___ DATA TO EXAMINE ___

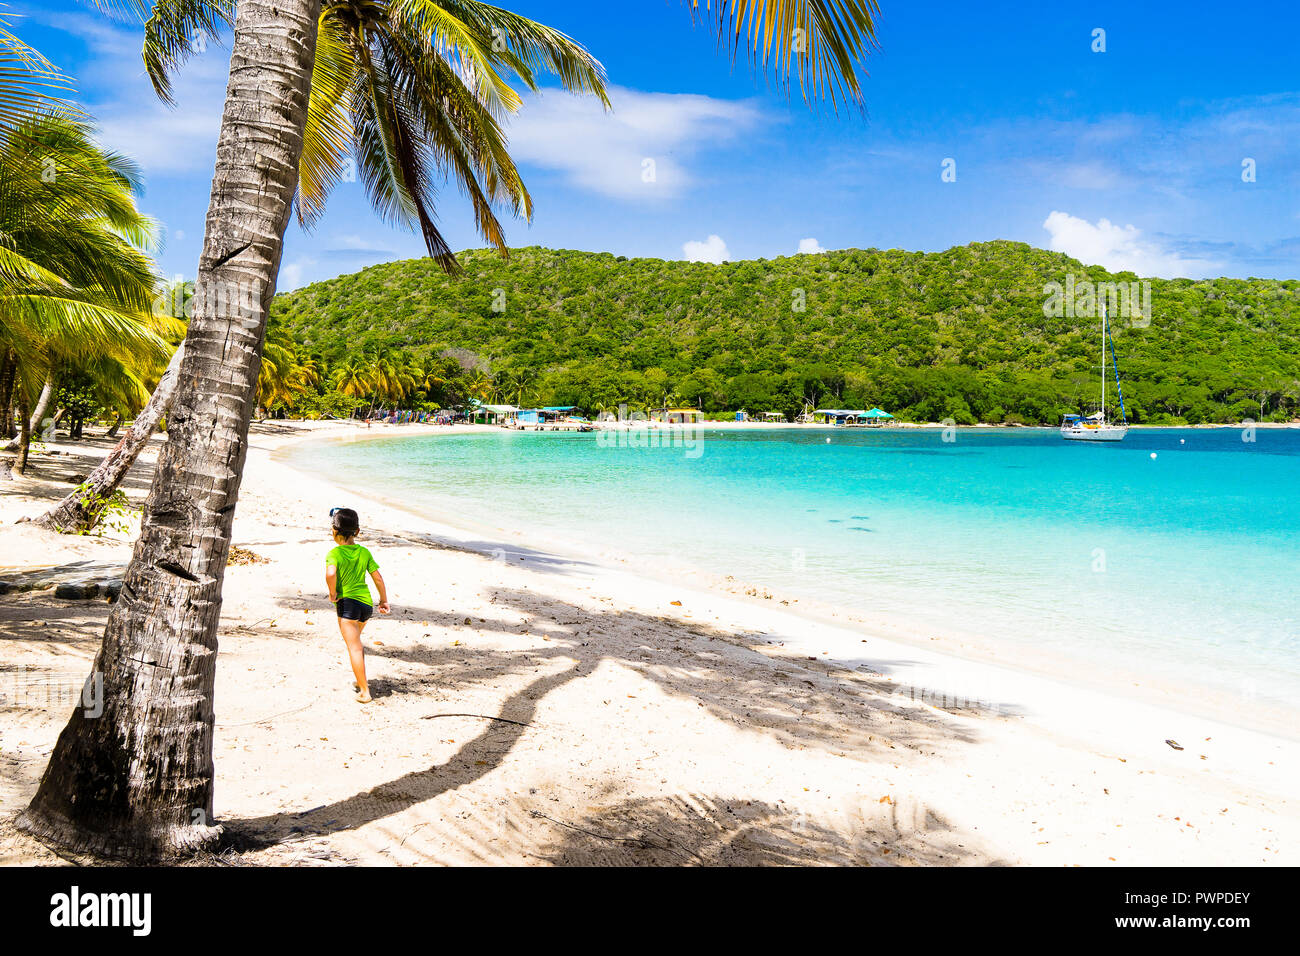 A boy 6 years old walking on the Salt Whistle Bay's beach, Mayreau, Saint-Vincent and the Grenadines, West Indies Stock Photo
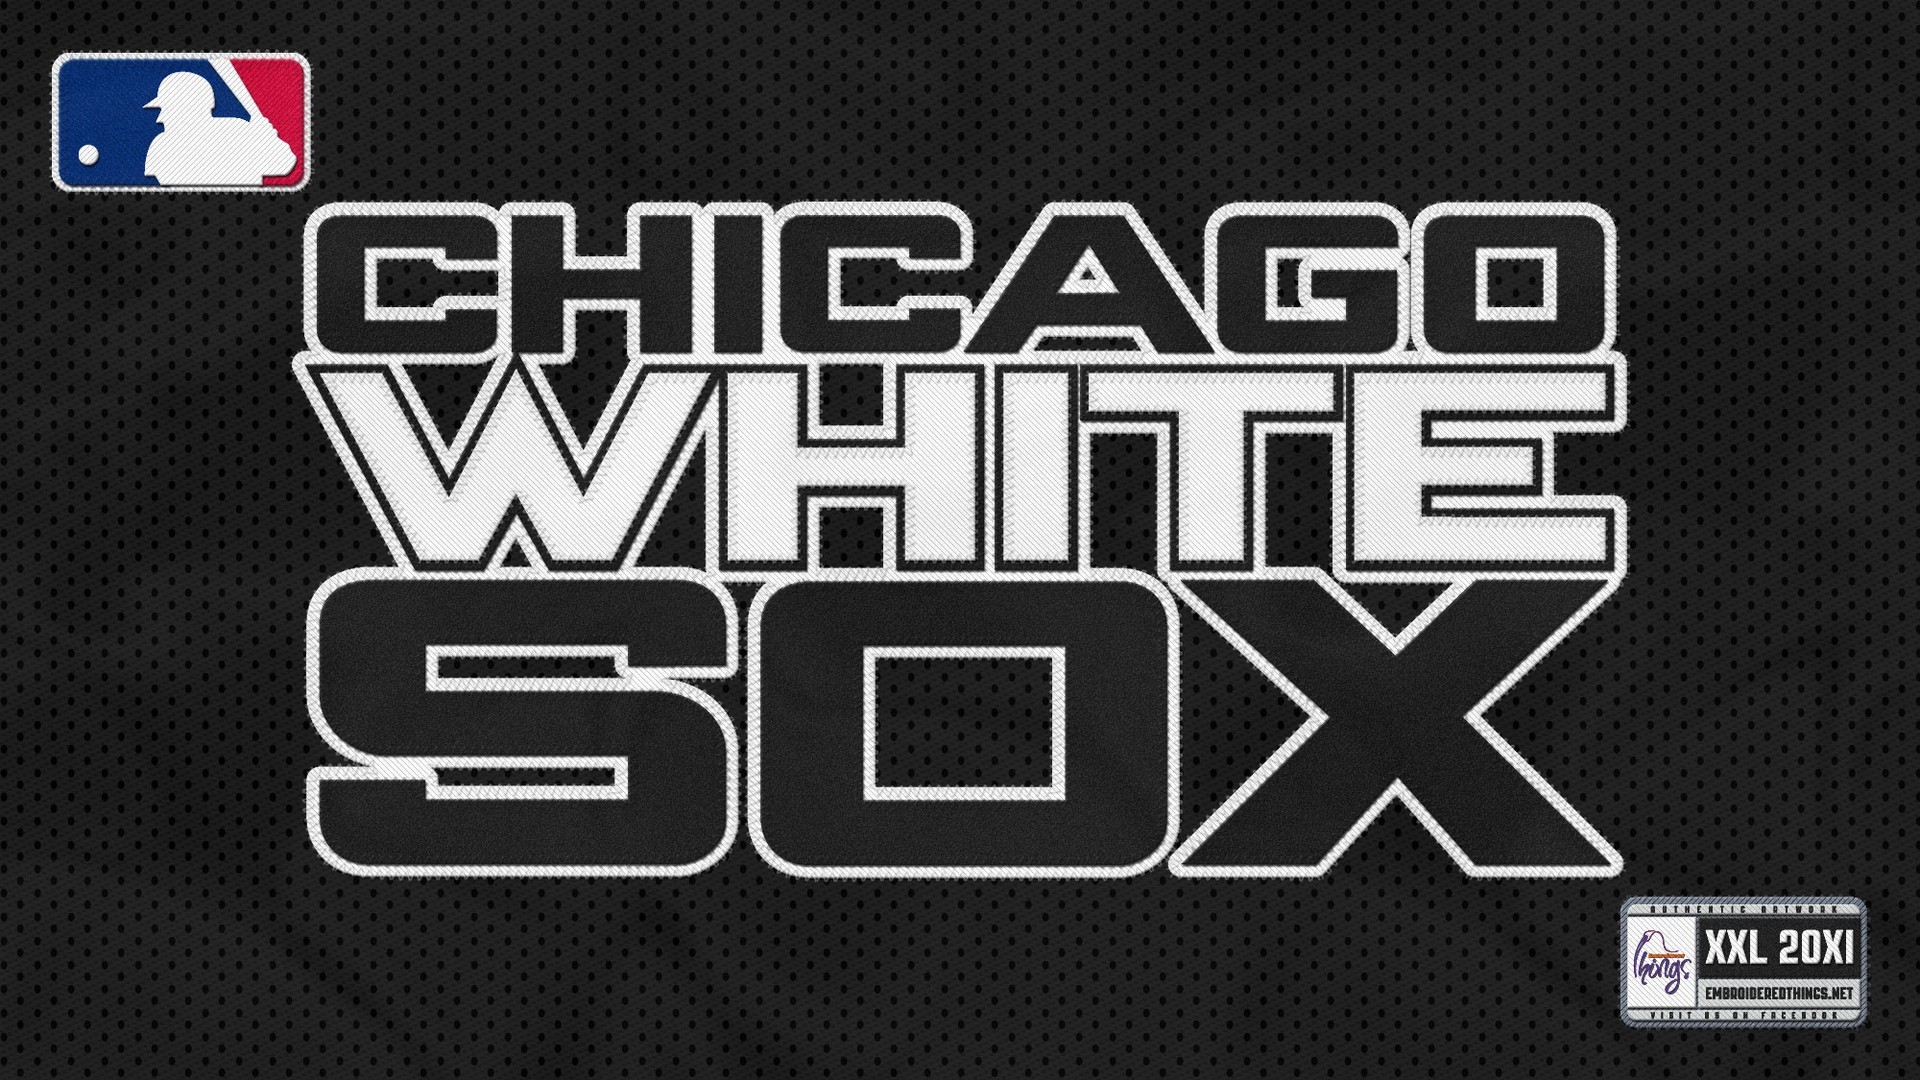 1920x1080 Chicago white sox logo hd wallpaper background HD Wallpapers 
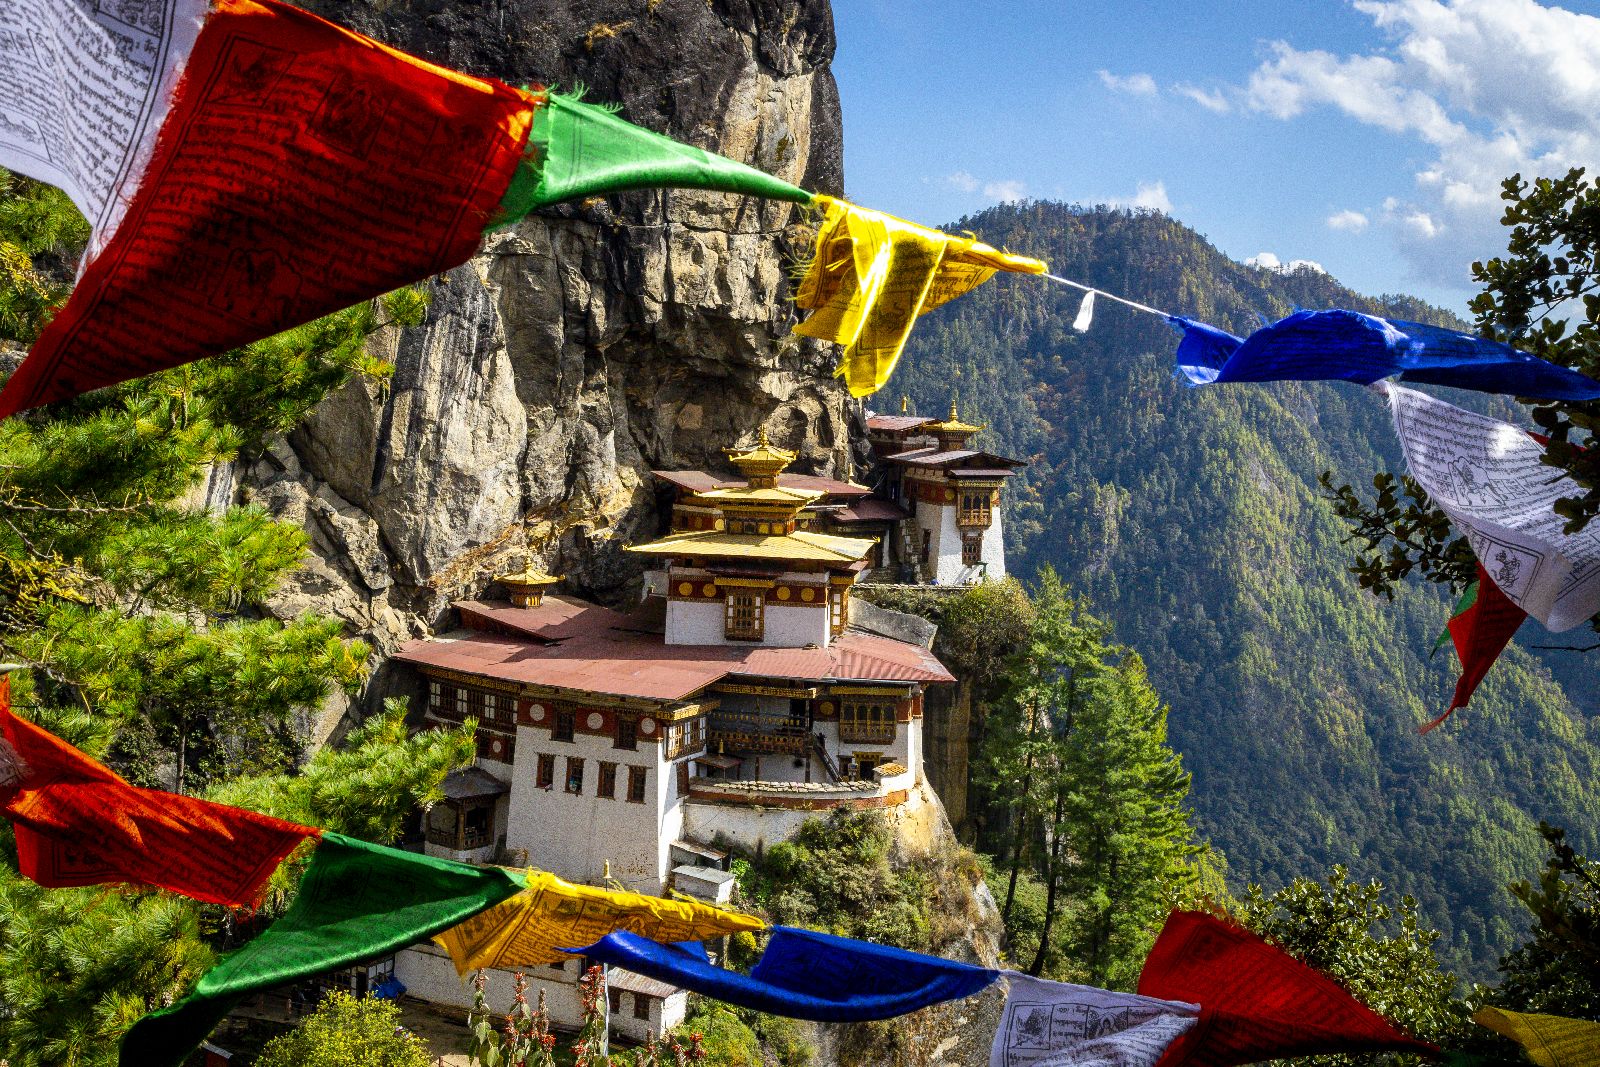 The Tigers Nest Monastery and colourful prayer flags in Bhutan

___
___ DATA TO EXAMINE ___

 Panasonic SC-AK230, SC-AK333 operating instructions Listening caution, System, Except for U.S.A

___

→ INSTRUCTIONS TO FOLLOW: What are the lines above from the one with "1920x1080 Chicago white" to the one with "The Tigers Nest", both included? Reproduce them exactly, without pictures.

→ EXERCISE RESPONSE:
 1920x1080 Chicago white sox logo hd wallpaper background HD Wallpapers 
 The Tigers Nest Monastery and colourful prayer flags in Bhutan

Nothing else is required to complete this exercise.